Monday update: Senate Bill 34, the Castle Doctrine makeover covered below, passed the state Senate tonight 35-13. It heads to the House for further debate.
Spurred by the Republican takeover of the N.C. General Assembly, gun lovers are pushing to to loosen a range of state gun laws.
Bills have been filed to expand the number of places people can carry a concealed weapon — including restaurants that serve alcohol — and to ensure business owners can’t prohibit employees from keeping guns locked in their cars at work.
But first up is a potential expansion of the state’s “Castle Doctrine,” which lays out where you’re allowed to shoot a potential robber or assailant without fear of arrest.

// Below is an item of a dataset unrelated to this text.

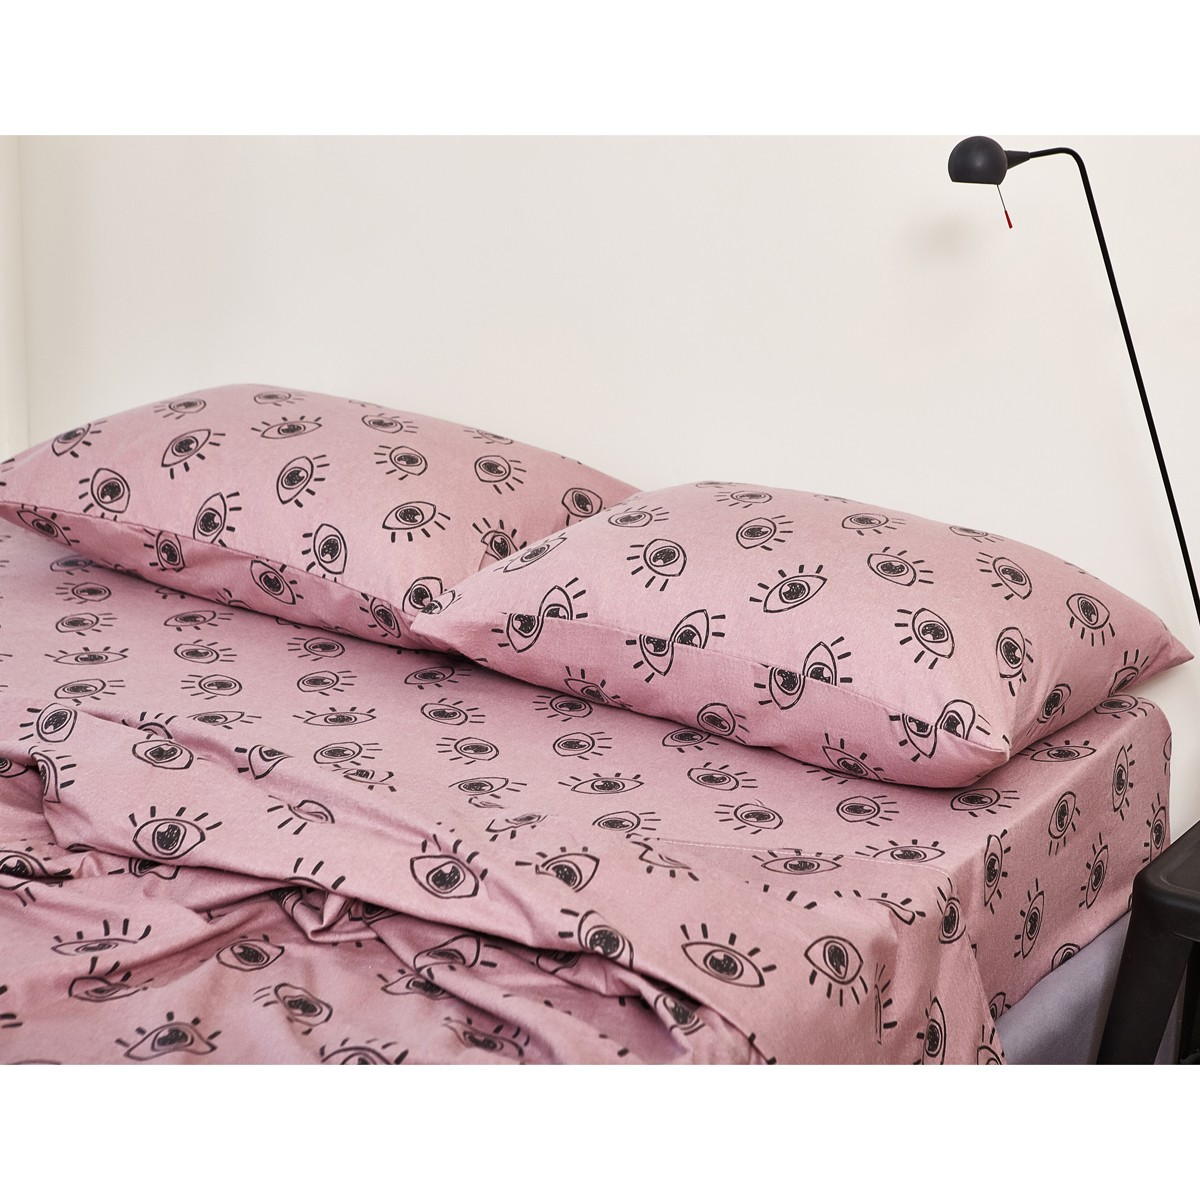 Φανελένια Σεντόνια Διπλά (Σετ) Melinen Dali Ash Rose home   κρεβατοκάμαρα   σεντόνια   σεντόνια ημίδιπλα   διπλά

Currently that’s limited to your home. But a bill scheduled for debate Thursday in the state Senate would expand that to your car and work place. The measure, Senate Bill 34, would also shift the legal balance significantly toward homeowners and drivers fending off potential assailants.
Instead of having to show police that someone was actually trying to hurt you when you shot them, the new law would generally presume you had “a reasonable fear of imminent death or serious bodily harm.” It also rolls back a “duty to retreat” when your life isn’t necessarily in danger, and that has gun control advocates particularly concerned.
North Carolinians Against Gun Violence Executive Director Roxanne Kolar said the changes “basically legalize murder and vigilantism.” They aren’t needed to protect reasonable gun owners, she said, because the state already has a range of protections for self defense.
Of course, gun advocates disagree. You won’t be able to just shoot someone you see breaking into a car, according to Paul Varone, whose pro-gun-group Grass Roots North Carolina has drafted and pushed gun legislation in North Carolina for several years.
“It’s not a ‘make my day’ law. …” Varone said. “It’s very narrowly crafted for circumstances where violent predation is occurring.”
Varone said he’d like to see the new law go even further, cracking down on criminals who get shot, then sue the home or car owner who shot them. Senate Bill 34 already offers so-called “defensive force” shooters immunity from civil suits, as well as criminal prosecution. But another version of the measure — House Bill 74 — would have punished convicted criminals who tried to sue.
Once locked up, they’d lose the right to visit with family, use the telephone, exercise outside and use the prison library.
“As much as I personally support those, they’re no longer in the bill,” Varone said.
A vote on Castle Doctrine will likely come during Thursday’s 11 a.m. Senate session. Asked about the bill earlier this week, Senate President Pro Tem Phil Berger said he “tend(s) to be sympathetic” to people’s right to defend themselves.
As for the other gun issues before this General Assembly, only time will tell. The expansion of places where it’s OK to carry a concealed weapon is part of House Bill 111, which is sitting in a House Judiciary subcommittee. The parking lot bill, House Bill 63, is in the same committee.
Both have been high priorities for gun groups in other states in recent years. But even in Republican-dominated legislatures they’ve taken time — some times several legislative sessions — to pass.
Roxanne Kolar’s title has been corrected.